The Importance of a Consultant-Led Term Translation Approach in eDiscovery
When it comes to eDiscovery, term translation isn't just about converting words from one language into another. It's a highly specialized process that requires a nuanced understanding of both linguistics and technical search operations.
When it comes to eDiscovery, term translation isn't just about converting words from one language into another. It's a highly specialized process that requires a nuanced understanding of both linguistics and technical search operations.
- The linguistic elements of the translation.
- The "technical translation" that runs alongside the linguistic one.

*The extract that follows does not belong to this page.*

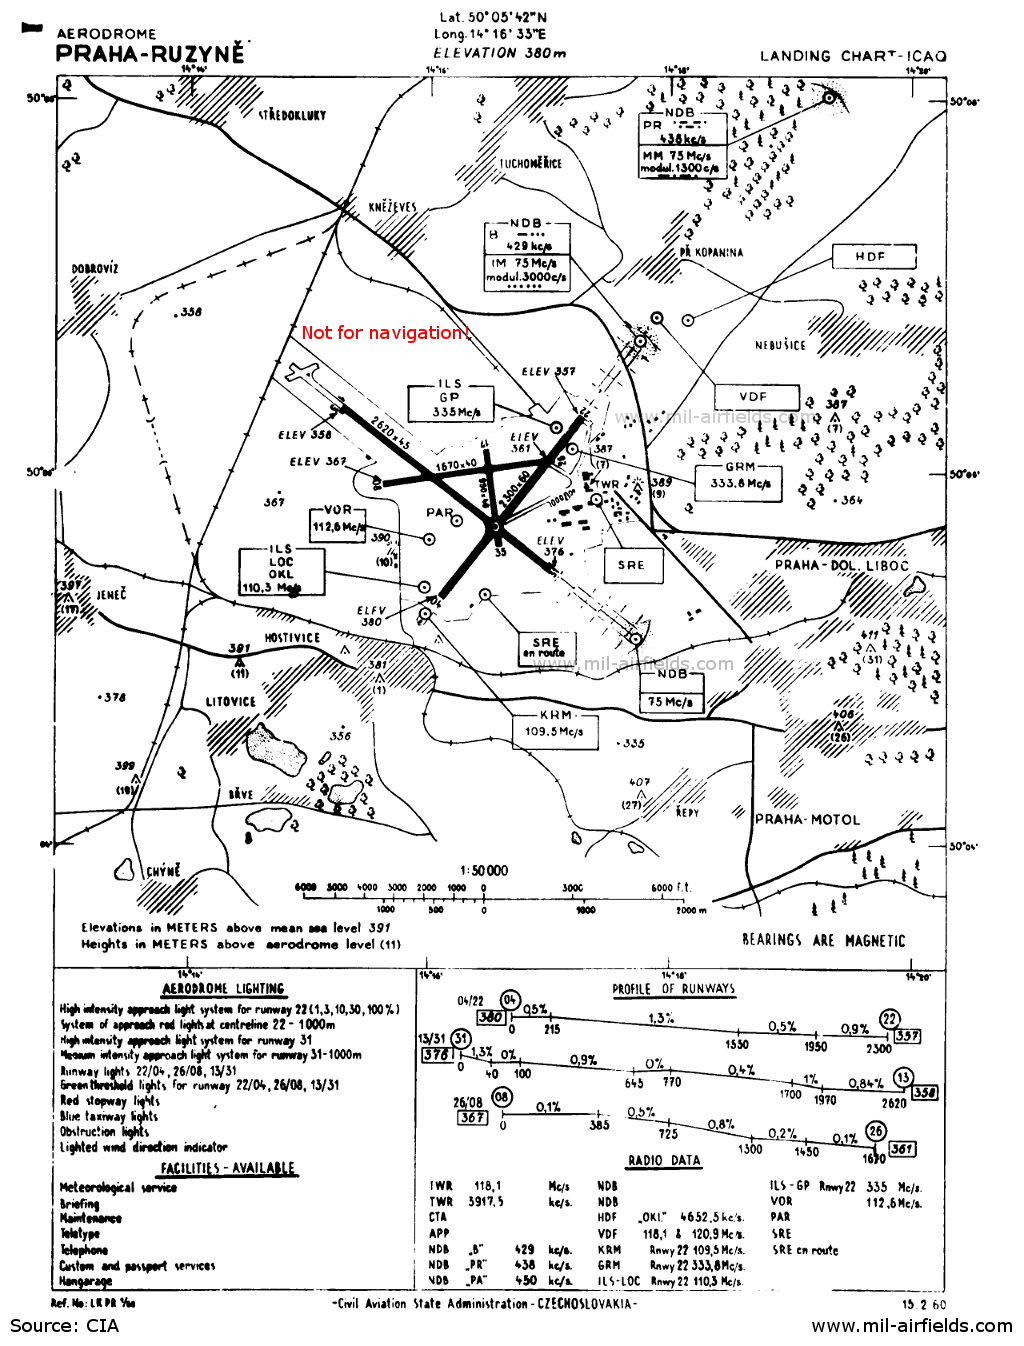 Aerodrom chart from 15 February 1960

The art lies in selecting the right translation; the science is in correctly preparing the linguistic elements and embedding them within the appropriate technical syntax. Both are essential for ensuring eDiscovery searches perform as intended—but the latter is often overlooked. Let's dive into how that oversight happens, why each component matters, and finally take a closer look at the technical specifics.
Why the “Technical” Translation Matters
Here's the catch: linguists, while experts in language, aren’t trained in the ins and outs of eDiscovery search operators. In fact, most linguists have never encountered Boolean syntax, proximity operators, or the constraints imposed by tokenization and index structures—all of which are fundamental to how terms are interpreted by a system.
By way of example at the most basic level: if you handed your partner, parent, or adult children a list of English eDiscovery search terms and asked them to QC and update it, their fluency in English would provide little advantage when it comes to the technical elements. This puts them in the same boat as linguists. And while that’s perfectly understandable (training in eDiscovery search takes years), it doesn’t change the fact that these operators make or break the search accuracy and defensibility.
Search operators govern how linguistic elements are interpreted by the search index. This is a crucial point because they dictate how variations in tense, plurality, and derivational forms are matched against the indexed content. The positioning of a wildcard, or the structure of a proximity clause, can radically change what documents are returned. When applied incorrectly, even the most accurate linguistic translation will yield poor recall or massive overcollection—both of which compromise the integrity of the review. This makes the second dimension of the translation process—the technical translation—critical to the success of the search process.
A Real-World Example: Wildcards Gone Askew
Let’s talk about wildcards—a common feature in many search queries. In English, wildcards are often placed to isolate the root of a term, stripping away tense, plurality, adverbial, and derivational affixes. Sounds pretty straightforward, right?
Well, in translation of wildcarded terms, the challenge arises because you’re essentially asking a linguist to translate half a word. This frequently scrambles the translated linguistic element as the frame of reference doesn’t align with how linguists typically think about language. Linguists commonly mis-shave word forms (taking too few or too many characters off) or don’t shave the infinitive forms at all. Mis-shaving terms means misplaced wildcards—leading to search terms that go wildly off-target, often in spectacular fashion.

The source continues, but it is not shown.